| name | prioritization |
| description | Use when prioritizing or scoring features, user stories, or initiatives against each other. |
Prioritization
Score and order product backlog items, feature requests, or strategic initiatives using proven prioritization frameworks. Choose the right framework for the context, apply it systematically, and produce a scored, ordered output with documented rationale.
Announce at start: "I'm using the prioritization skill to prioritize [what you're prioritizing]."
Checklist
You MUST create a task for each of these items and complete them in order:
- Gather all items to prioritize — Features, stories, bugs, tech debt, strategic bets
- Understand the context — What decision is being made? What constraints exist?
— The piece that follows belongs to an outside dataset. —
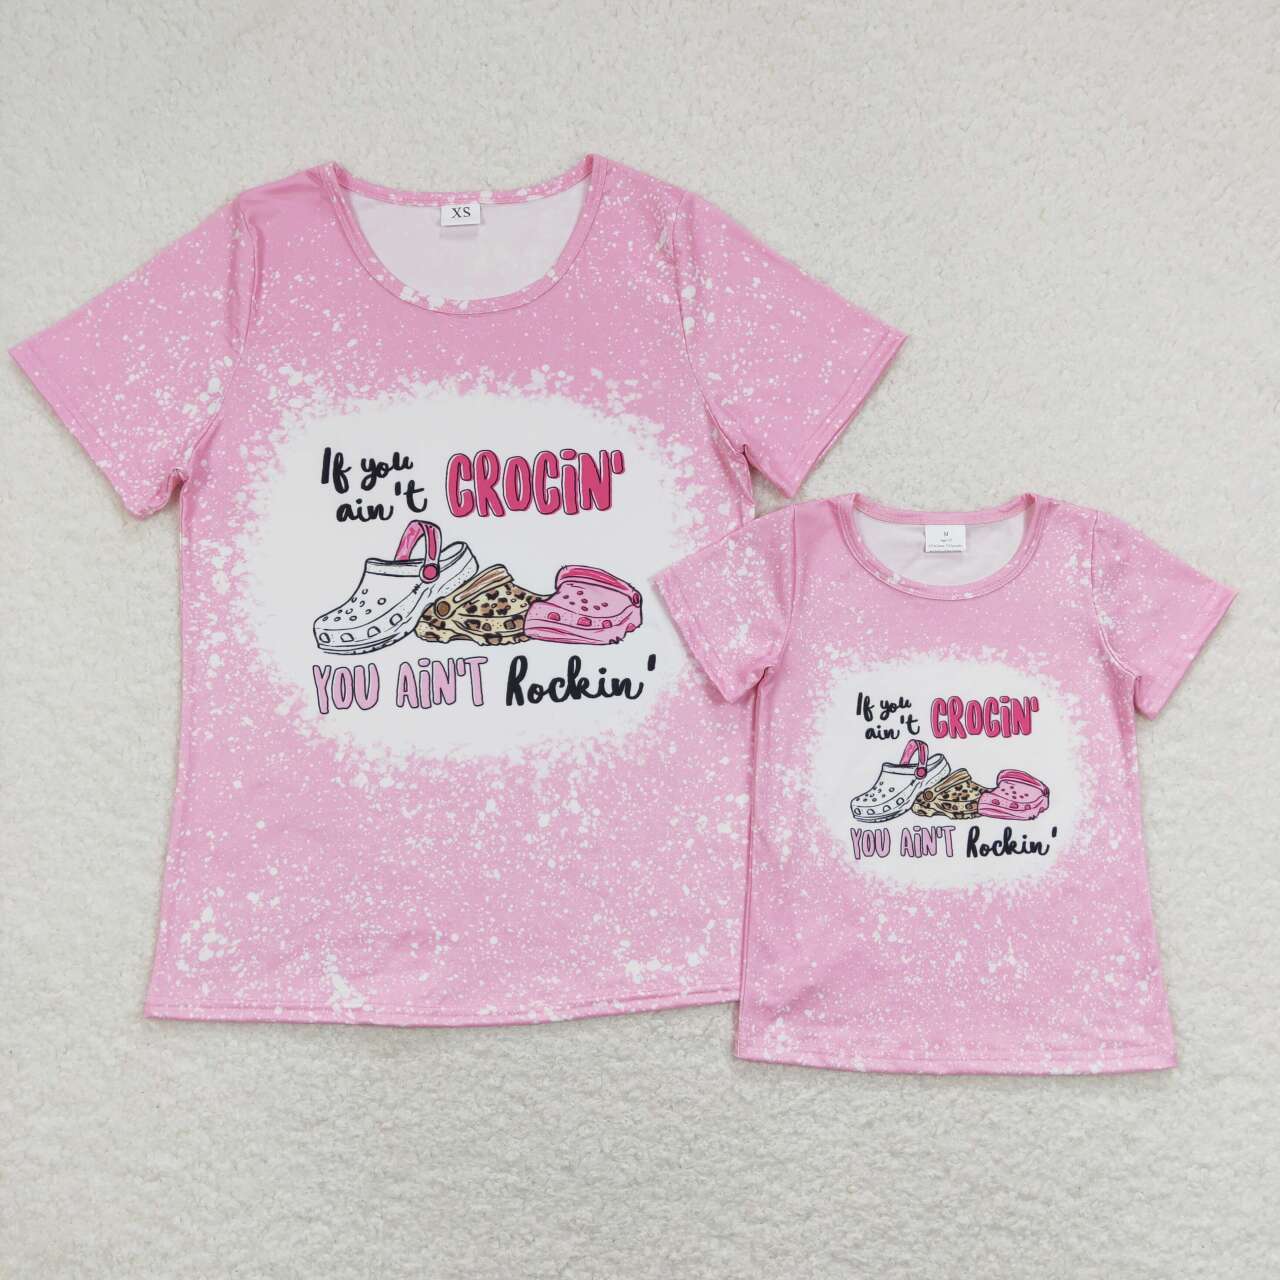 mummy and me summer mathing clothes ripped shoes print summer tshirt top

- Choose the right framework — One or more based on context
- Apply the framework — Score every item with documented rationale
- Order and analyze — Produce an ordered list with insights
- Identify quick wins and big bets — Call out patterns
- Present for review — Get approval before committing
Choosing the Right Framework
| Framework | Best For | When to Use |
|---|
| RICE (recommended) | Feature prioritization, roadmap decisions | You have estimates for reach, confidence, and effort. Need a balanced score. |
| ICE | Quick prioritization, growth experiments | You need fast gut-feel scoring. Early-stage, high uncertainty. |
| MoSCoW | Release scoping, MVP definition | You need to make hard trade-offs for a specific timebox. |
| Kano | Feature discovery, user satisfaction | You need to understand which features are basics vs. delighters. |
| Value vs. Effort | Portfolio-level decisions, visual communication | You want a 2x2 visual. Communicating to executives. |
| Story Mapping | Release planning, user journey focus | You need to find a natural slicing line across a user journey. |
You can combine frameworks. Example: Use RICE to score, then MoSCoW for the top items against a release deadline.
RICE Scoring
Developed by Intercom. The most comprehensive framework.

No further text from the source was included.